太田述正コラム#10881(2019.10.24)
<関岡英之『帝国陸軍–知られざる地政学戦略–見果てぬ「防共回廊」』を読む(その1)>(2020.1.14公開)

1 始めに

 HHさん提供の表記をお送りします。
 関岡英之<(注1)>氏については、何度も取り上げた記憶はあった(コラム#827、2358、3604、3689、3927、4169、4303、4401、4599、5155、5257、6672、8102)のですが、この本自体が話題に上ったことがあった(コラム#6672)ことまでは忘れていました。

 (注1)1961年~。慶大法卒、東京銀行勤務、早大院(建築)修士。拓殖大学日本文化研究所客員教授。著書:『拒否できない日本–アメリカの日本改造が進んでいる』(2004年)、本書(2010年)、『国家の存亡 「平成の開国」が日本を亡ぼす』(2011年)、等。
https://ja.wikipedia.org/wiki/%E9%96%A2%E5%B2%A1%E8%8B%B1%E4%B9%8B

 ねこ魔人(猫魔人)さんが取り上げていたのですね。
 
2 帝国陸軍–知られざる地政学戦略–見果てぬ「防共回廊」

 「・・・ロシアは、ドルジエフというブリヤート・モンゴル人のラマ僧をラサに派遣して親露化工作を展開し、チベットへ触手を伸ばした。
 これに対抗し、英国のヤングハズバンド<(注1)>大佐が率いる遠征隊がインドからチベットに侵攻、一時ラサを占領して英蔵通商条約<(ラサ条約)>を締結したのは1904年、日露戦争のさなかだった。
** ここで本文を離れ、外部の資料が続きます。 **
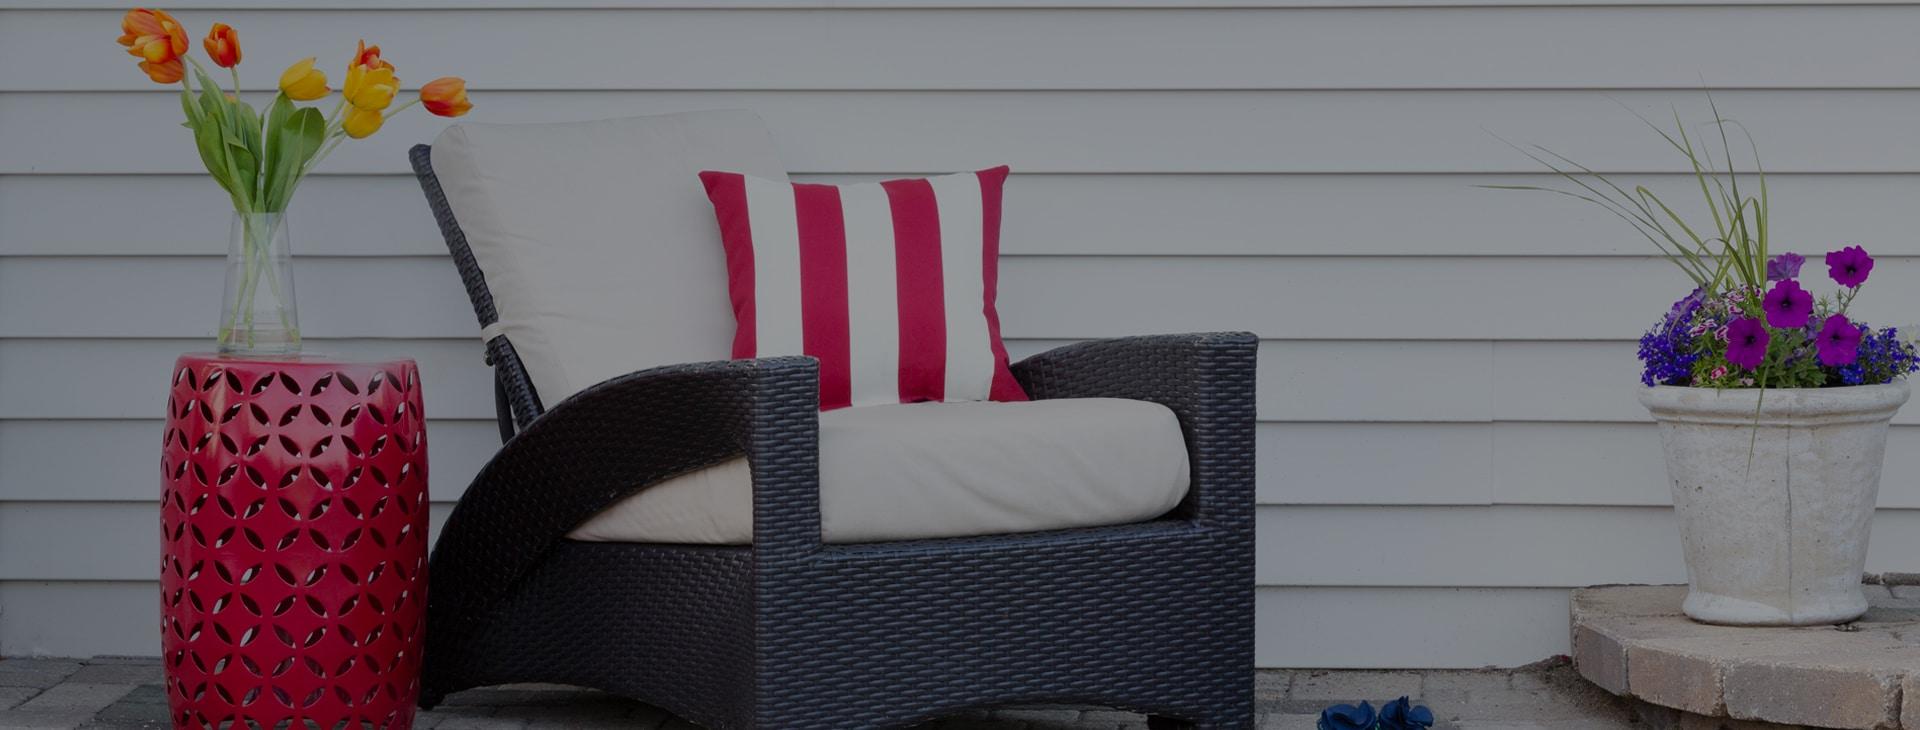 این یک پوشش بزرگ است<br /> پاسیو با صندلی در فضای باز

 (注1)Sir Francis Edward Younghusband(1863~1942年)。英領インド(現パキスタン)の夏の首都マリー(Murree)で生まれ、英陸士卒、陸軍に入る。英領インドで活躍。1919年になると王立地理協会の会長に就任。
 「1903年から翌年にかけて、・・・カーゾン総督の命で、・・・チベット探検に乗り出した。しかしこれはシッキム=チベット間の国境問題を解決するための、中央の指示を超えた「侵攻」[・・British expedition to Tibet・・]になってしまった 。チベット国境から100キロほど行ったギャンツェへの道中、探検隊は地元のチベット人と対立し、チベット人民兵600から700人(多くは僧侶)を虐殺する惨事へと発展した。死傷者の数には諸説あり、イギリス側の犠牲者5人に対して5000人のチベット人が殺されたとする推計もある。」
https://ja.wikipedia.org/wiki/%E3%83%95%E3%83%A9%E3%83%B3%E3%82%B7%E3%82%B9%E3%83%BB%E3%83%A4%E3%83%B3%E3%82%B0%E3%83%8F%E3%82%BA%E3%83%90%E3%83%B3%E3%83%89
https://ja.wikipedia.org/wiki/%E3%83%81%E3%83%99%E3%83%83%E3%83%88%E9%81%A0%E5%BE%81 ([]内)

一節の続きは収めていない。